**TASK STATEMENT**
The material below includes pictures; leave them out and return only the lines between the line containing "Photographic art print" and the line containing "Image of first", inclusive, word for word.

**RECORDS SHOWN**
------------------------------------------------

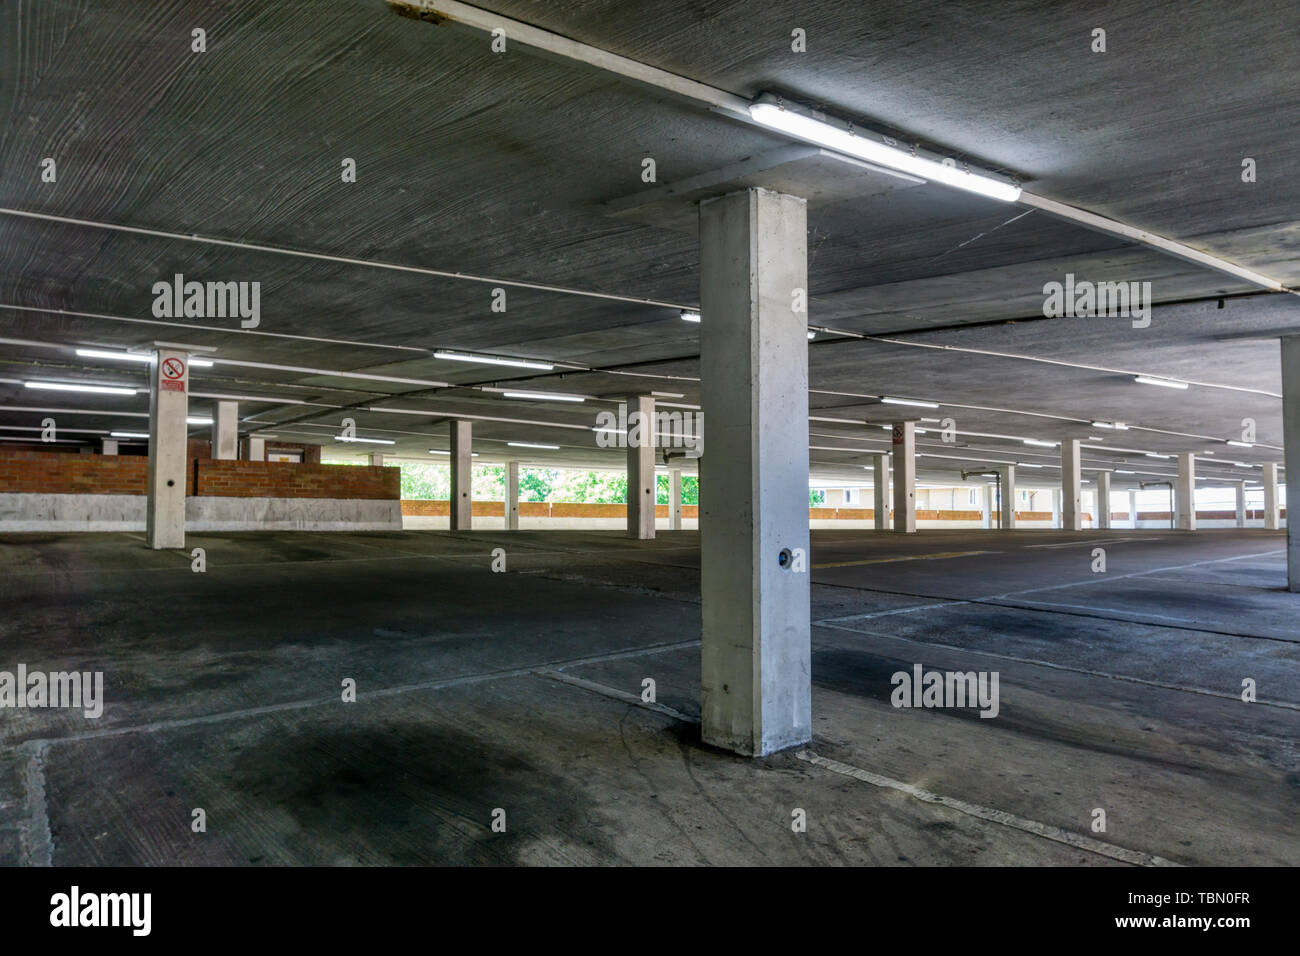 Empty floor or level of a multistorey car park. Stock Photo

------------------------------------------------

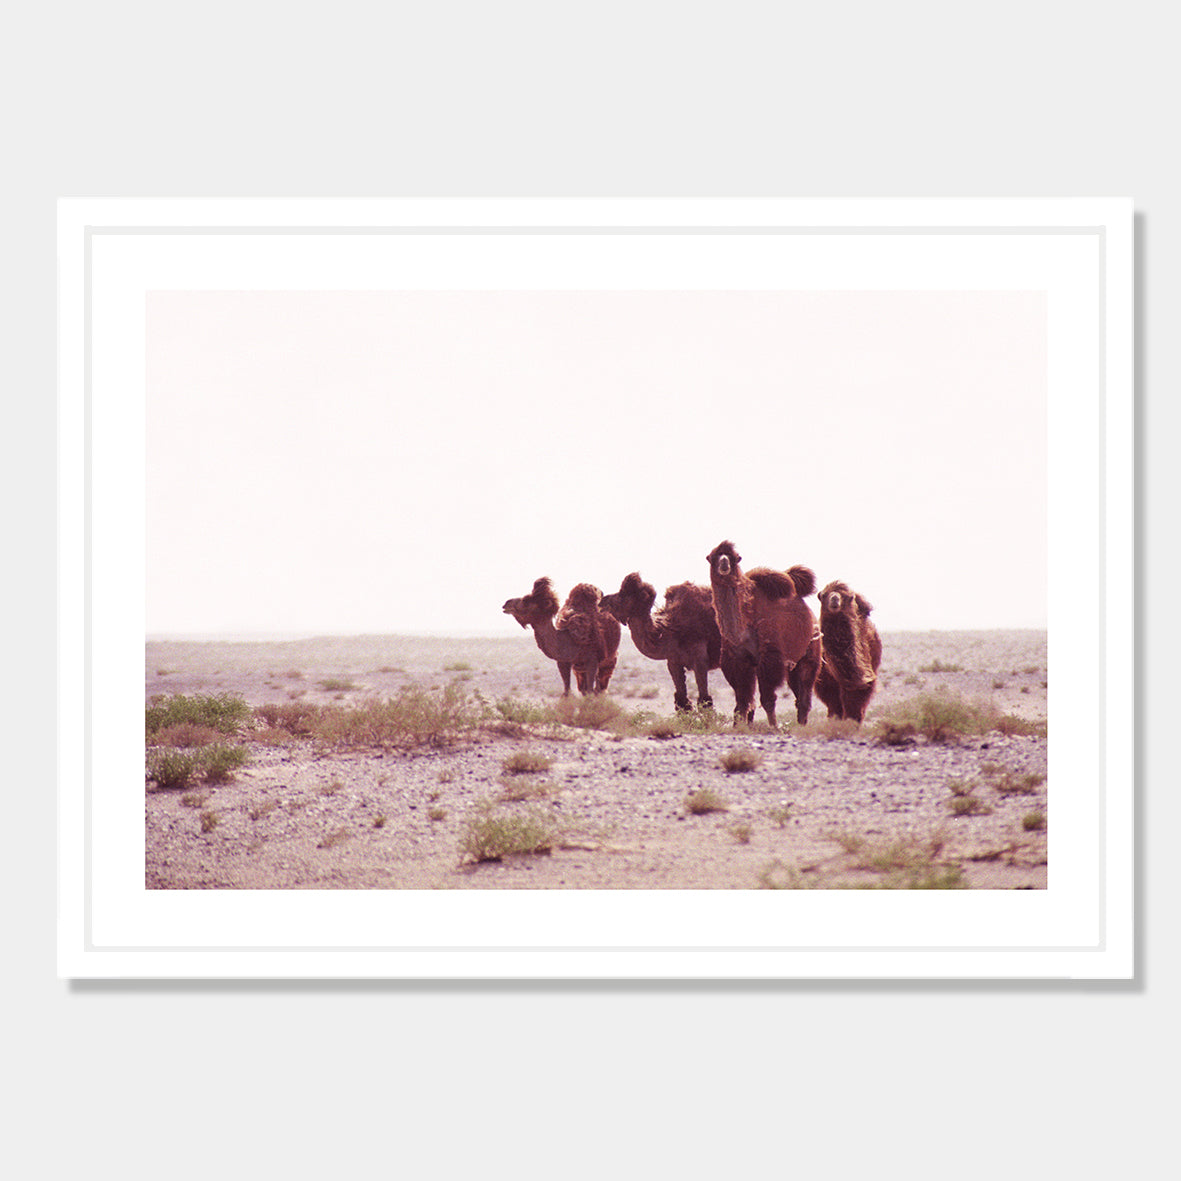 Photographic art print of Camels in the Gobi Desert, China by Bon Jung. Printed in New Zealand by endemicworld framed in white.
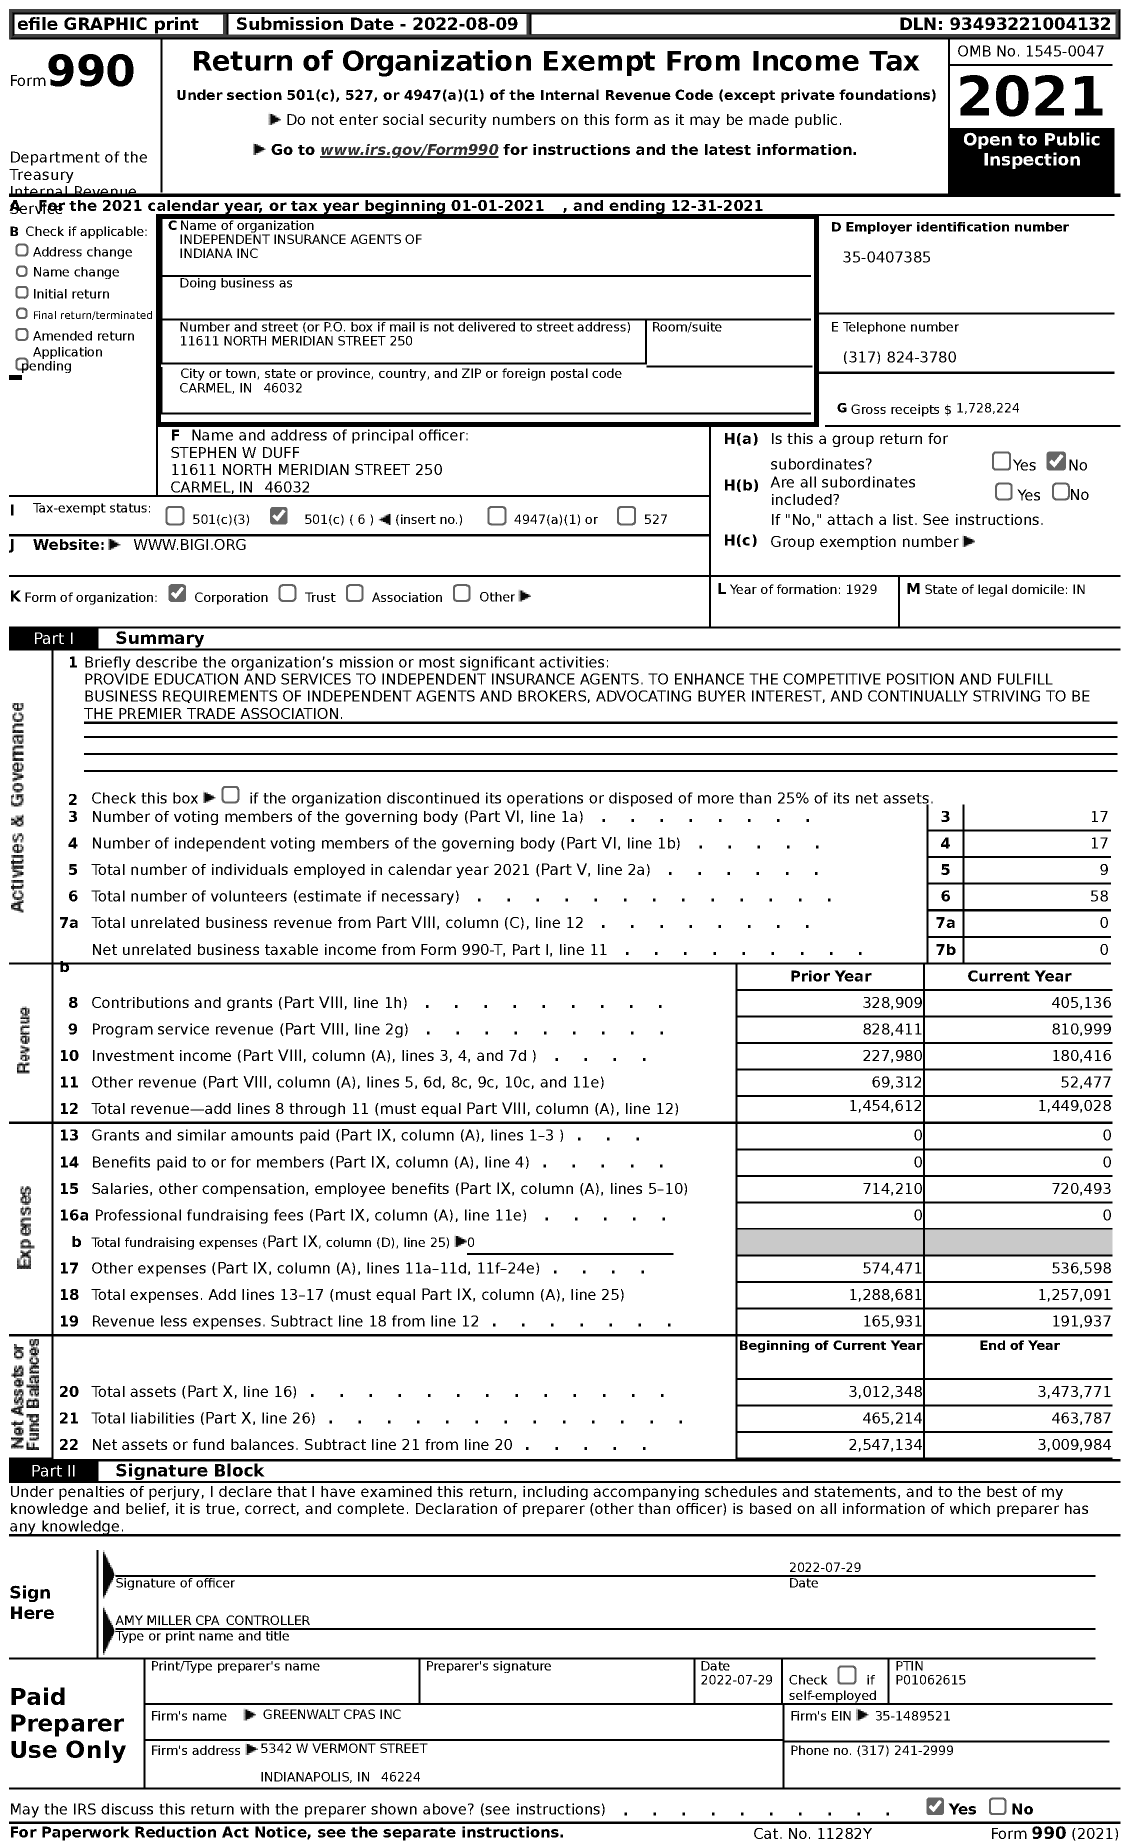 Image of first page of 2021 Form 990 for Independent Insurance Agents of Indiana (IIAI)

------------------------------------------------

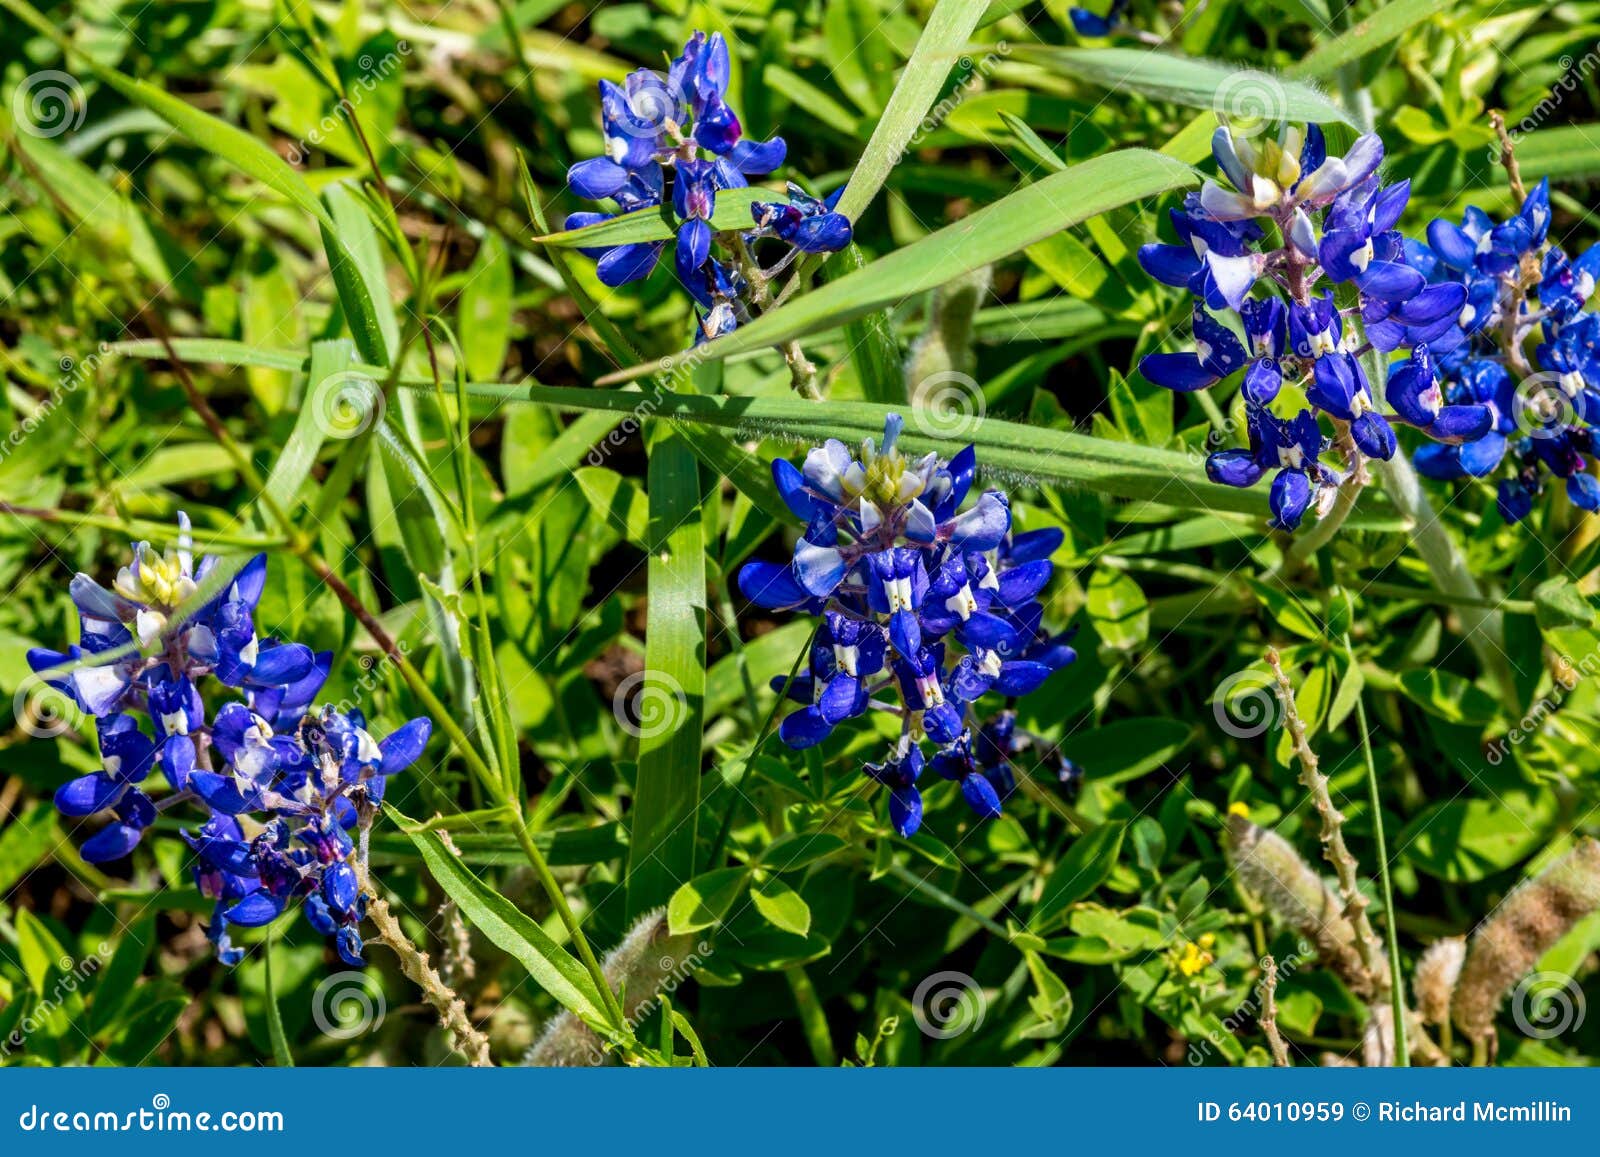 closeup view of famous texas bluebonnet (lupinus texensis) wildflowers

------------------------------------------------

**OUTPUT OF THE TASK**
 Photographic art print of Camels in the Gobi Desert, China by Bon Jung. Printed in New Zealand by endemicworld framed in white.
 Image of first page of 2021 Form 990 for Independent Insurance Agents of Indiana (IIAI)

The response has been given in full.